WLCG Service Incidents, Interventions and Availability

VO Summaries of Site Availability SIRs & Broadcasts
ALICE ATLAS CMS LHCb WLCG Service Incident Reports Broadcast archive

GGUS section

Daily WLCG Operations Call details

To join the call, at 15.00 CE(S)T Monday to Friday inclusive (in CERN 513 R-068) do one of the following:

  1. Dial +41227676000 (Main) and enter access code 0119168, or
  2. To have the system call you, click here

General Information
CERN IT status board M/W PPSCoordinationWorkLog WLCG Baseline Versions Weekly joint operations meeting minutes

Additional Material:

STEP09 ATLAS ATLAS logbook CMS WLCG Blogs


Monday:

Attendance: local(Harry, Patricia, Gang, Andrea, Sophie, Jacek, Olof, Alessando, Ueda);remote(Xavier/FZK, Gareth/RAL, Alexei/ATLAS ADC).

Experiments round table:

  • ATLAS - 1) The MCDISK space token at FZK filled over the weekend. A ticket was sent and more space was added. 2) NIKHEF is in scheduled down for the next two weeks (though Gocdb says only one) so Functional Tests will be sent to SARA to continue testing the NL-T1 cloud.

  • CMS reports - CMS use a private version of RFIO with a common worker node client library for interfacing to CASTOR and DPM and the French Tier2 of IPHC (Strasburg) find this does not work with the default SLC5 configuration since an ldpath entry is missing.

  • ALICE - Production going ok. The latest Alien version 2.17 has been installed everywhere and services will now be restarted where needed.

Sites / Services round table:

* NIKHEF: Moving all grid service machines and network infrastructure to a new data center. All services will be unavailable during this period. Start of downtime [UTC]: 10-08-2009 07:00, End downtime [UTC]: 14-08-2009 15:00

* IN2P3: The AMI (ATLAS Metadata Interface) capture is down due to an error on the LOG miner. The problem is under investigation. Streams replication to CERN is hence stopped.

* RAL: Just been notified of an air conditioning problem in the new computer centre - planning to stop all batch work.

* FZK: Had memory problems in dcache on Saturday then lost one of their tape libraries on Saturday evening. The library was fixed this morning but is still running at risk. A technician will come tomorrow for a scheduled downtime from 9 am plus 4-5 hours. The tape service will be degraded but not down.

AOB:

Tuesday:

Attendance: local(Sophie, Alessandro, Olof (chair), Jazek, Andrea, Gang, Markus, Patricia, Antonio);remote(Jeremy, Alexei, Xavier Mol (FZK), Angela, Gareth, Brian, Elisabetta).

Experiments round table:

  • ATLAS - (Alessandro) One issue: RAL ATLASMCDISK is still down. Second: Santa Claus subscription for data export has been modified for the Muon data taking starting next week. The details are in Elogger and Twiki.

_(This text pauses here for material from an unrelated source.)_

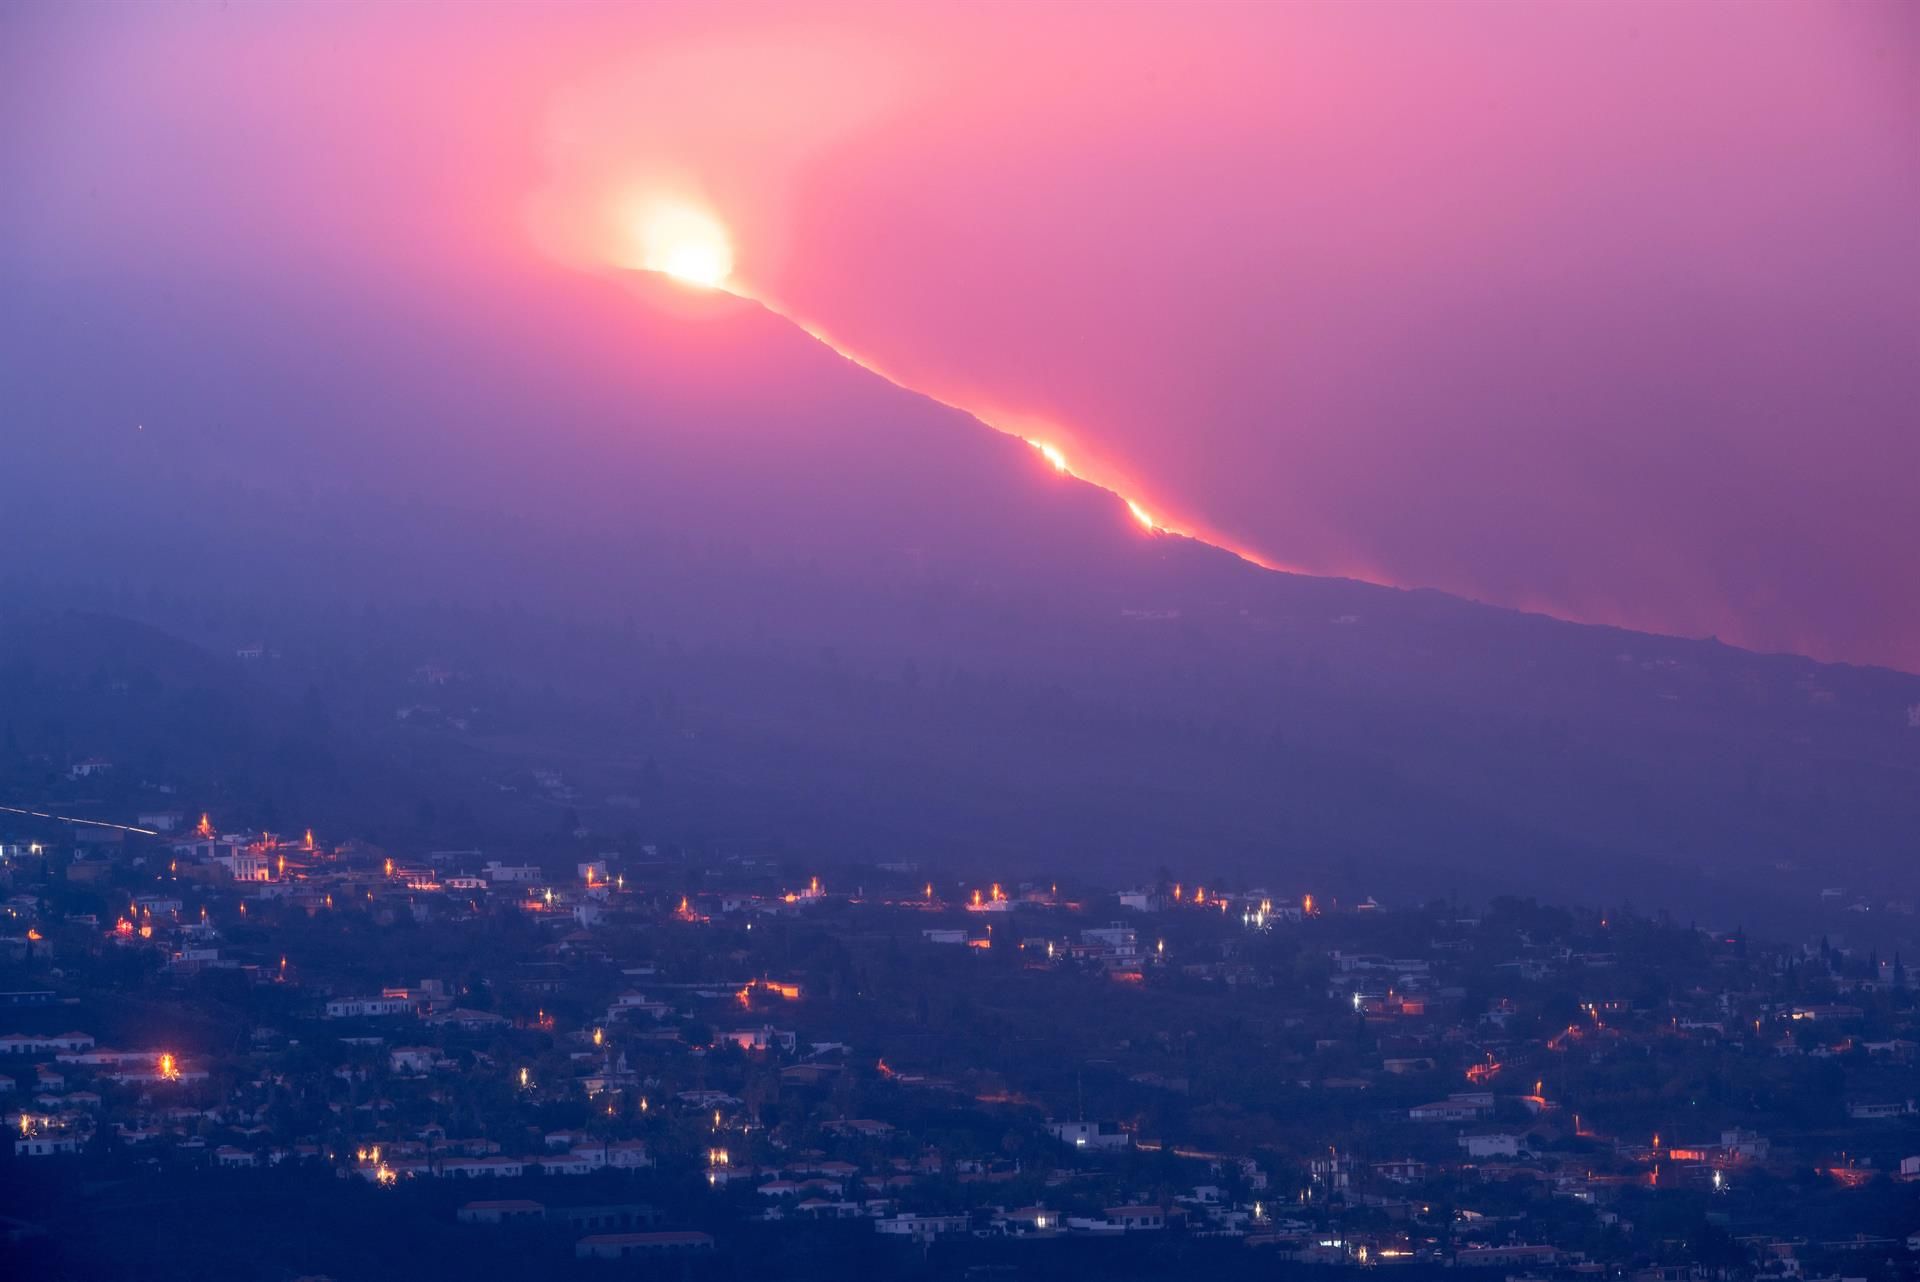 El nuevo volcán de Cumbre Vieja, en La Palma, comienza este miércoles a las 15.13 horas su décimo octavo día de erupción. Imagen del volcán y de su colada principal tomada al amanecer desde el Valle de Aridane. EFE/Carlos de Saá

  • CMS reports - (Andrea) no significant issue to report.

  • ALICE - (Patricia) Latest version of Alien: 2.17 has been put centrally at CERN but only available at three sites: IN2P3, INFN tier-2 and CERN. Will watch how it performs this week before deciding on a wider deployment later this week. Two new tickets (one updated from two weeks ago) about the CREAM CE at CERN - ticket numbers are 50508 (old) + 50883. Following up some small issues with Tier-2 site admins.

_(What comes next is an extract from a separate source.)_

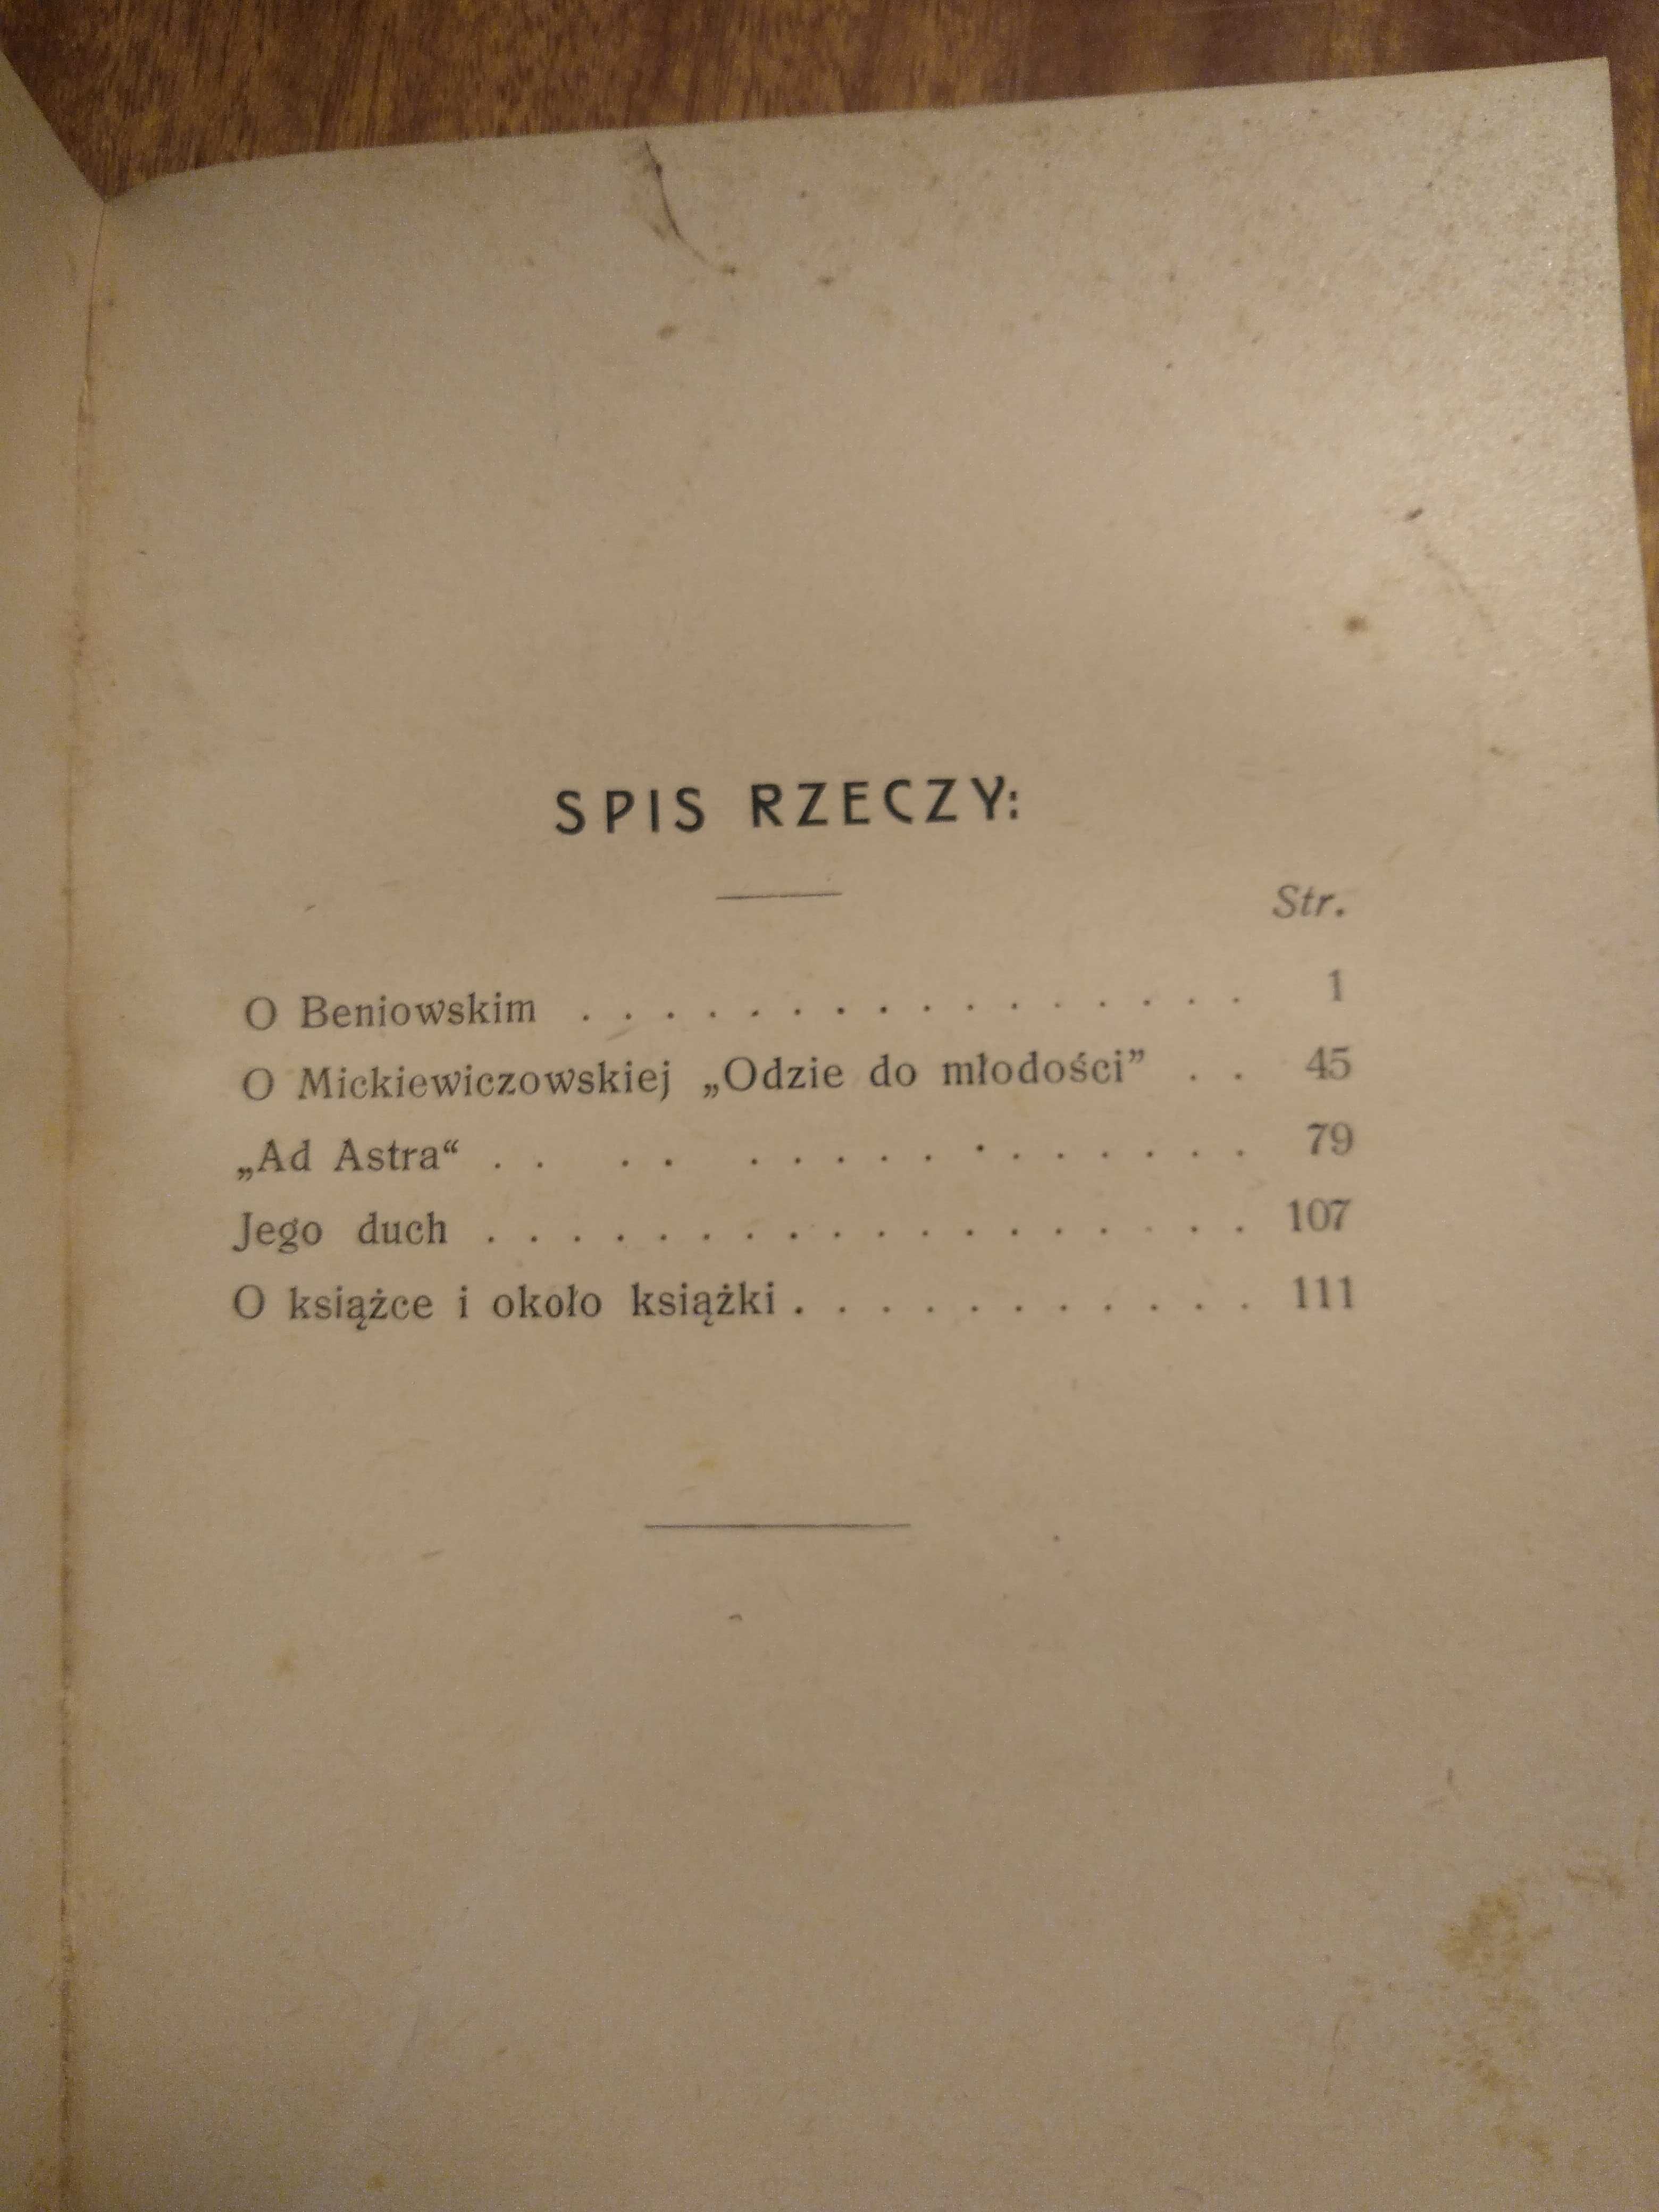 Zarys dziejów lit. pol., Konopnicka, Potocki - współoprawa - 1903

Sites / Services round table:

  • RAL (Gareth, report submitted prior to meeting) - Just before 14:00 (local time) we were notified of an air conditioning problem in the computer room (in the new building.) We immediately reduced batch load, but as temperatures were still rising the quickly became a stop of all Castor and Batch Worker nodes, which were powered off. Air conditioning was restored fairly quickly after that and after allowing a period of stability for the temperatures to fall back, systems were restarted. We ended the Outage in the GOC DB with systems (Castor, batch, FTS) back at 20:00. Other services continued running. An "At Risk" was declared in the GOC DB until midday today. This morning there were a significant number of minor issues to resolve (e.g. individual disks that had gone offline etc.). Work is ongoing to understand the underlying cause of the problem and what appropriate changes should be made. The issue about the ATLASMCDISK reported by ATLAS above should have been fixed yesterday evening - Alessandro confirms that the report was from yesterday and it's OK now
  • FZK (Angela) - nothing special to report. (Xavier) dCache tape library was repaired but there are still some issues and it might break. Another intervention needs to be scheduled.
  • GridPP - NTR
  • ASGC (Gang) - some CMS issues with Tier-2s being sorted out.
  • CERN (Sophie) - please test wms209 that has some new patches that are planned for next release. Andrea/Patricia: we are both using it already. Antonio: there has been some changes applied by Maarten in between, so it would be good to test again. Alessandro: ATLAS can run a HammerCloud test against it
  • CNAF (Elisabetta) - ATLAS jobs failing on SLC4/32bit nodes. In contact with Platform about the problem. If no resolution, CNAF will upgrade to SLC4/64bit or SLC5. Probably in ~2 weeks. Olof: if it only happens on 32bit, it's perhaps better to not wait for Platform to answer but just go ahead upgrade the WNs to SLC4/64bit or SLC5?

AOB:

  • Brian: when trying to test the TCP settings between BNL and RAL we are getting problems putting some files into BNL SE because it doesn't appear in lcginfosites, which takes the info from the BDII. Alessandro: there is a long standing issue with the site naming convention, which could be related but we should wait for BNL to comment

Wednesday

Attendance: local(Harry(chair), Luca, Antonio, Gang, Olof, Wayne, Patricia, Julia, Oliver, Andrea, Alessandro);remote(Gareth/RAL, Jeremy/GRIDPP, Alexei/ATLASDC, Brian/RAL, Elisabetta/CNAF).

Experiments round table:

  • ATLAS (AdG) - Muon cosmics data taking is in progress with data export only to the three muon calibration sites. The project name is data09_muoncomm (can be seen in the ATLAS elogger). Brian asked if the project name could be updated in the Twiki which was immediately done.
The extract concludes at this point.